BOSTON — No one expected a new oral anticoagulant (NOAC) comparison with warfarin featuring “real-world” data from patients with atrial fibrillation (AF) to turn clinical trial results on their head.
But that’s what happened, though inconclusively, in an analysis of administrative data from a large but highly selected cohort of patients prescribed a NOAC or warfarin for nonvalvular AF in the United States from 2015 to 2016.
The analysis, with too many limitations to disturb guidelines but likely providing useful lessons for clinical practice, saw a slightly but significantly lower rate of thromboembolic events in patients prescribed warfarin than in those prescribed a NOAC.
That was surprising and contrary to NOAC efficacy outcomes that were at least similar to those in patients receiving warfarin in randomized trials comparing the two treatments in nonvalvular AF.
Consistent with those studies, however, the key safety endpoints of hemorrhagic stroke and other bleeding complications were overall less frequent in patients prescribed the NOACs.
Table 1. Hospitalizations or Emergency Department Visits, Rate Per 100 Years, Warfarin vs NOAC Prescriptions
| Event | Warfarin (n = 42,639) | NOAC (n = 40,529) | P Value |
|---|---|---|---|
| Thromboembolic events | 3.16 | 3.37 | .011 |
| Hemorrhagic stroke | 0.88 | 0.54 | <.001 |
| Any stroke | 3.73 | 3.73 | .96 |
| Bleeding | 5.92 | 4.90 | <.001 |
Of special note in the analysis of more than 80,000 patients, about one fourth of those prescribed NOACs and more than one third of those prescribed warfarin were found to be poorly adherent to their oral anticoagulation (OAC) regimen.
That means they were receiving their appropriate dosage only 40% to 80% of days on the prescription; they were highly adherent if they were covered for more than 80% of days (patients with less than 40% adherence had been excluded from the analysis).
The NOACs included dabigatran (Pradaxa, Boehringer Ingelheim), rivaroxaban (Xarelto, Bayer/Janssen Pharmaceuticals), apixaban (Eliquis, Bristol-Myers Squibb/Pfizer), and edoxaban (Savaysa/Lixiana, Daiichi Sankyo). The analysis compared them collectively to warfarin.
For patients prescribed one of those agents or warfarin, whether they were highly or poorly adherent to their appropriate regimen made a big impact on how they fared, and not always in expected ways.
Poorly adherent patients prescribed NOACs or warfarin had more thromboembolic events and strokes than highly adherent patients.
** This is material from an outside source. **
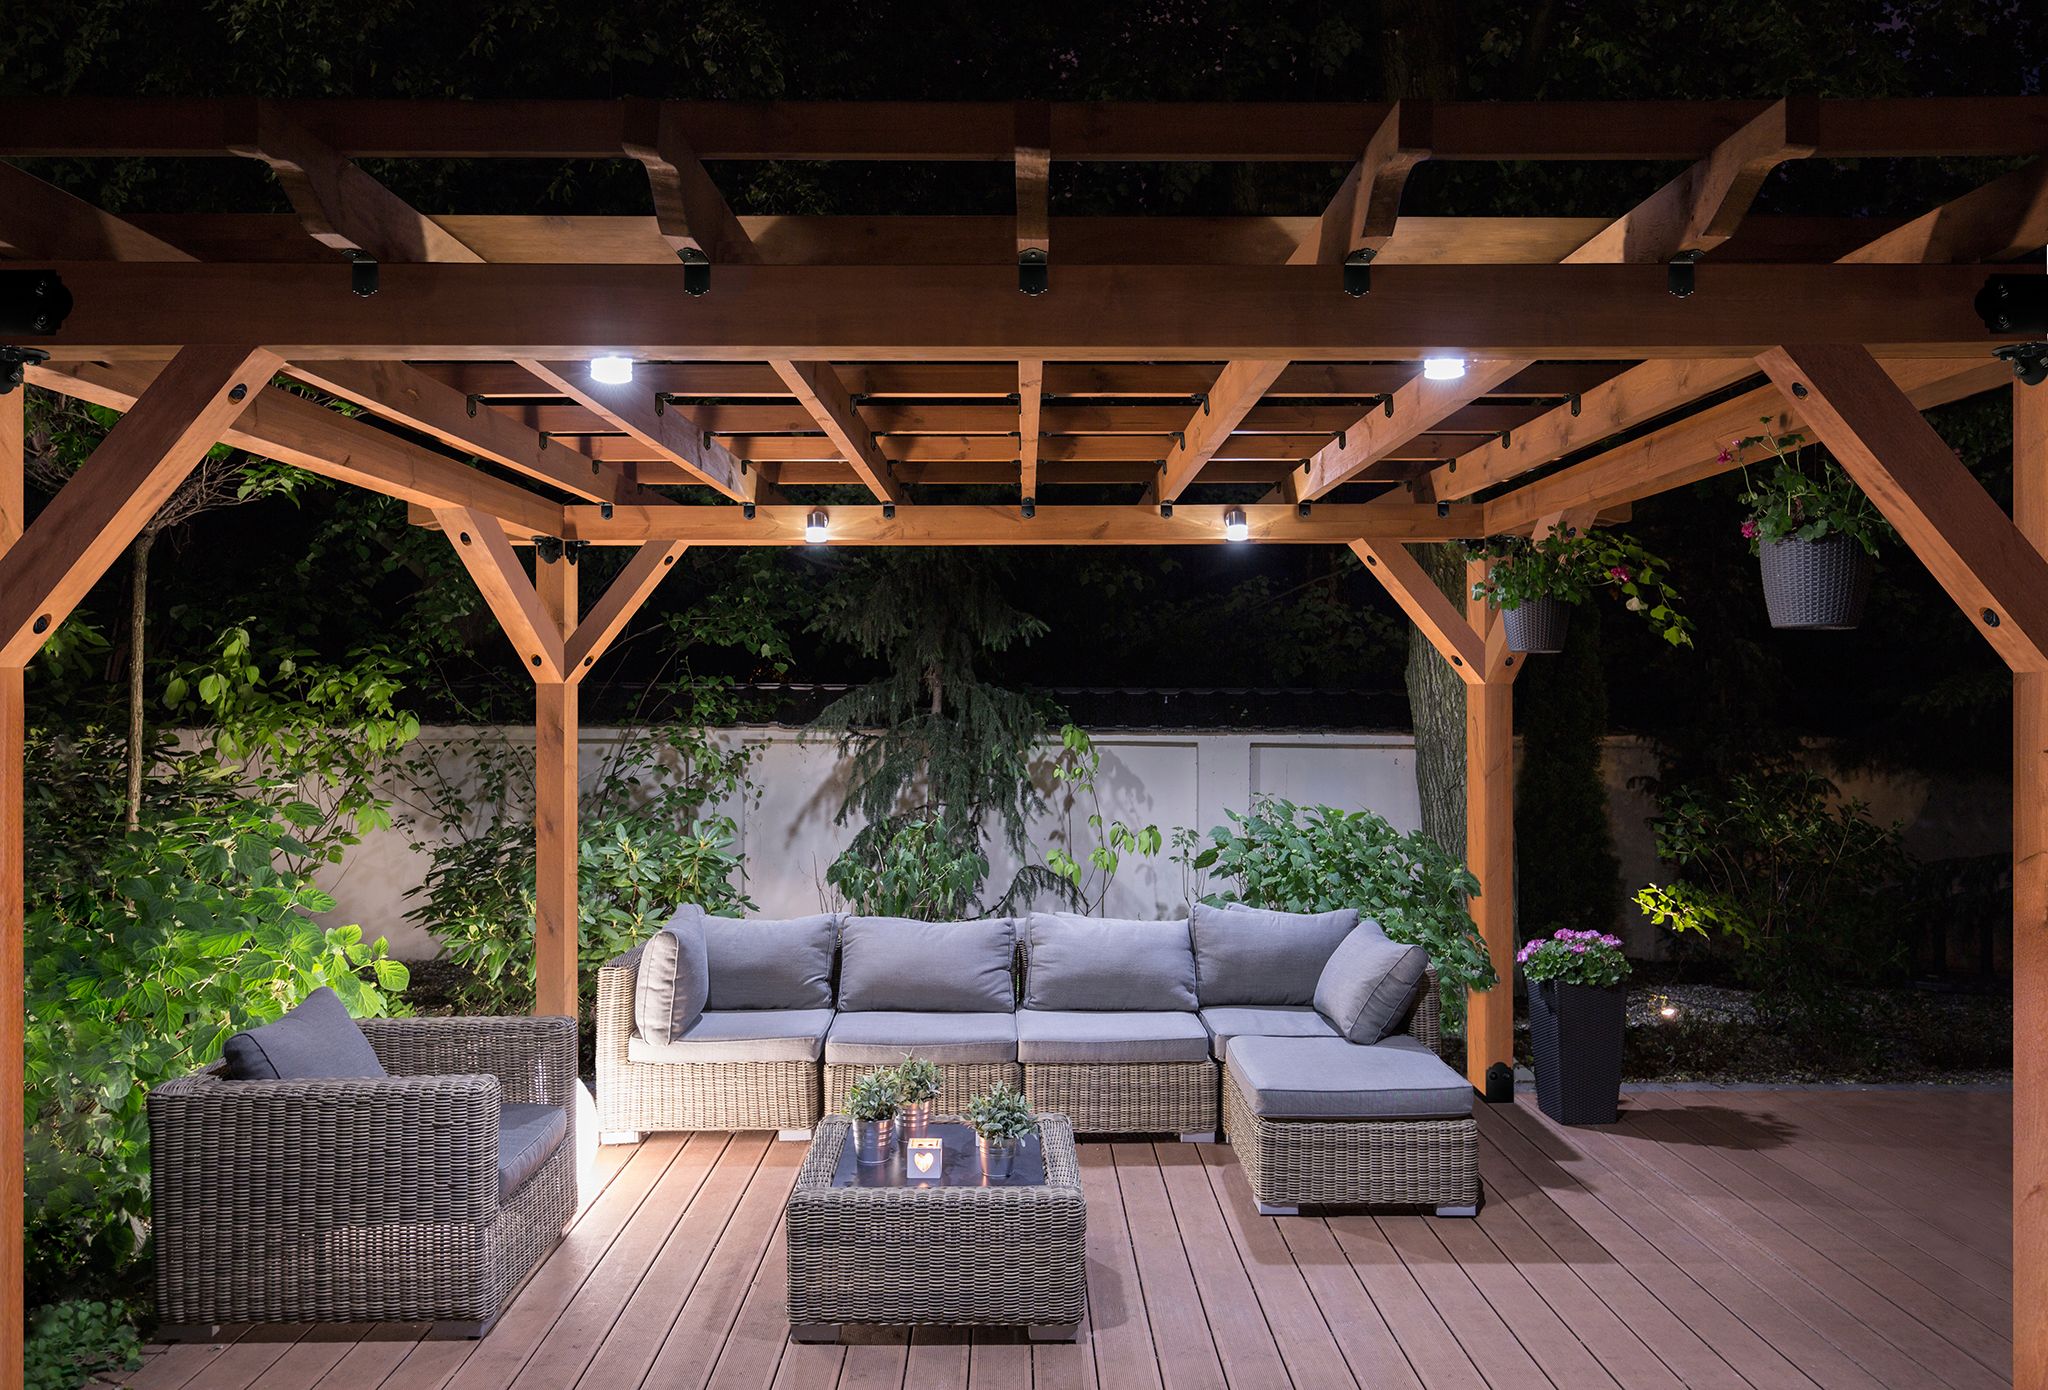 Pergola covering a wooden deck with couches and large pants. Photo taken at night.

But poorly adherent patients prescribed NOACs had higher rates of both compared to poorly adherent patients prescribed warfarin.
Even among highly adherent patients, warfarin had an edge over the NOACs for the endpoints of freedom from thromboembolic events (P < .001) and any stroke (P = .032), observed Dhanunjaya R. Lakkireddy, MD, from the University of Kansas, Kansas City.
“The Highest Stroke Rate of Any Group”
Among low-adherence patients, the greater benefit for warfarin- vs NOAC-prescribed patients was “pretty dramatic,” with a wider gap starting at about 6 months compared to highly adherent patients, for freedom from thromboembolic events (P < .001) and all strokes (P < .001).
Strikingly, patients with low adherence to NOACs “had the highest stroke rate of any group,” Lakkireddy said when presenting the findings here at the Heart Rhythm Society (HRS) 2018 Scientific Sessions.
And a bit counterintuitively, patients poorly adherent to either form of OAC showed a jump in both hemorrhagic stroke and bleeding complications compared to highly adherent patients. However, Lakkireddy said, NOACs remained slightly more protective than warfarin against those events.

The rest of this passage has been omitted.